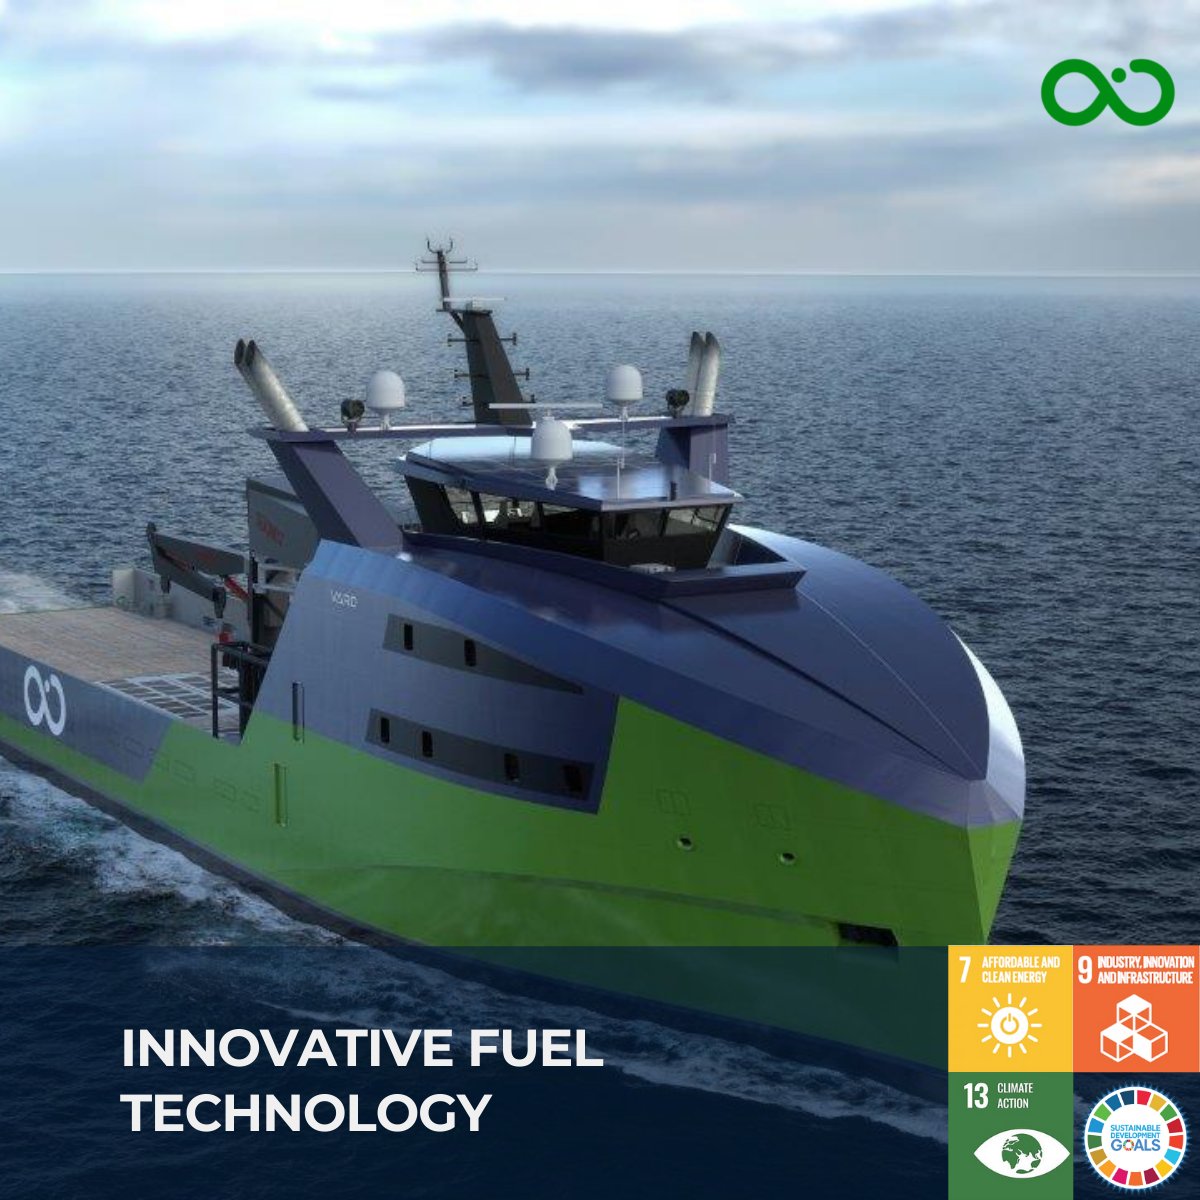 With funding from @transportgovuk we are developing a zero emission marine propulsion system as a greener and cleaner replacement for traditional fuel. We're proudly showcasing this project today at @COP26 as just one example of our work to transform operations at sea.
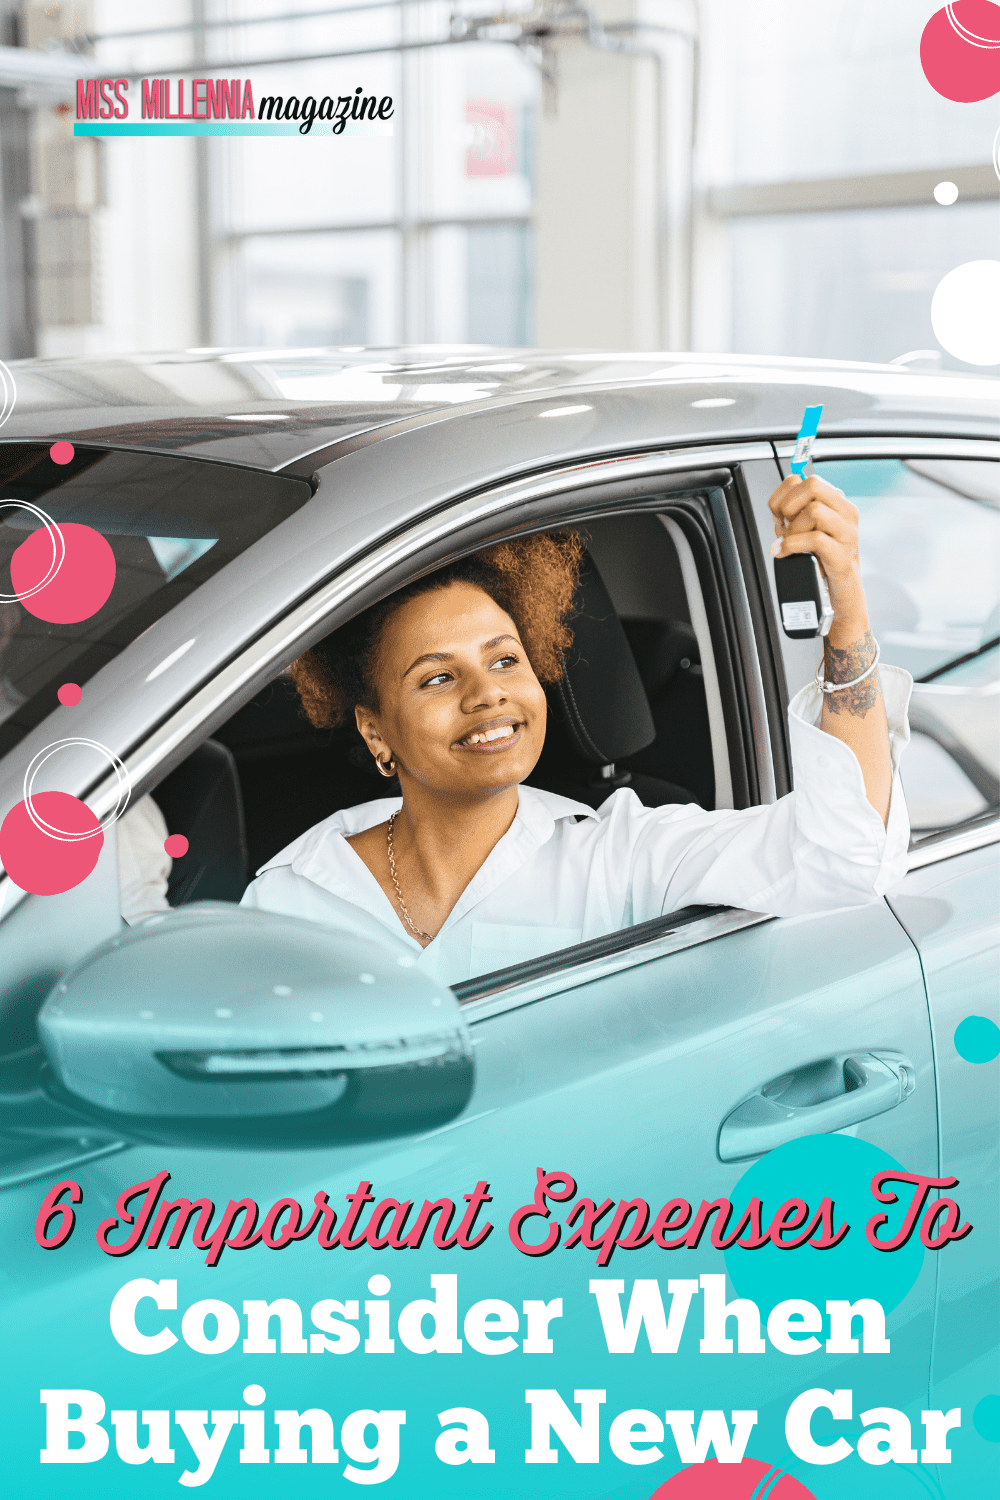 6 Important Expenses To Consider When Buying a New Car
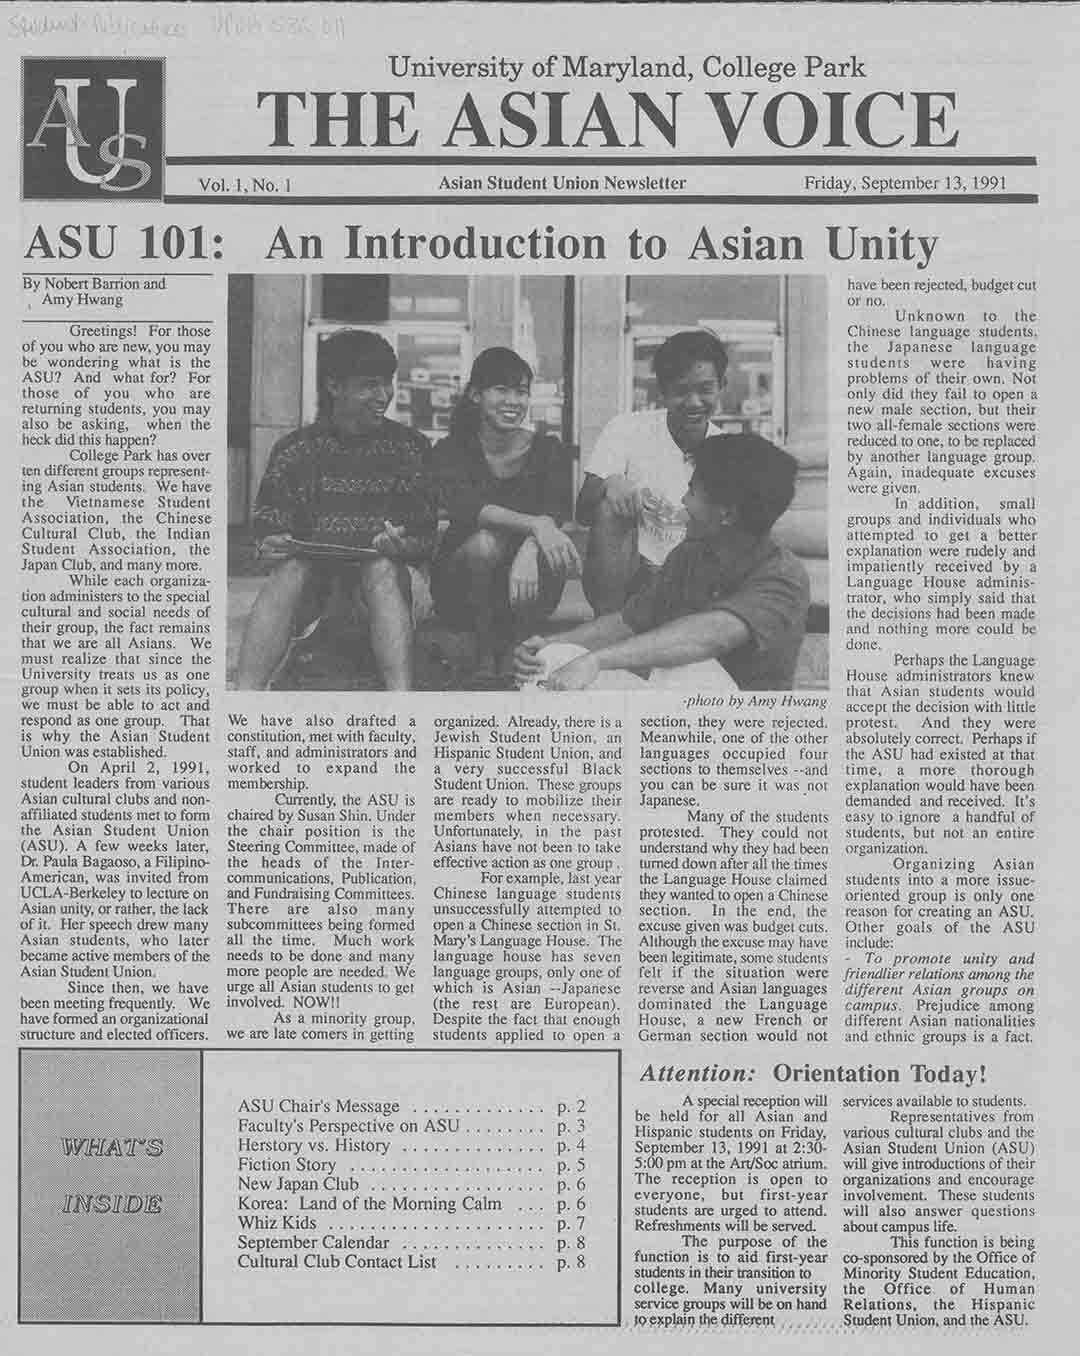 The Asian Voice newspaper

┄┄┄┄┄┄┄┄┄┄

» **Task to carry out**
Would you please give the material above again, unchanged but without pictures?

» **Task output**
 With funding from @transportgovuk we are developing a zero emission marine propulsion system as a greener and cleaner replacement for traditional fuel. We're proudly showcasing this project today at @COP26 as just one example of our work to transform operations at sea.
 6 Important Expenses To Consider When Buying a New Car
 The Asian Voice newspaper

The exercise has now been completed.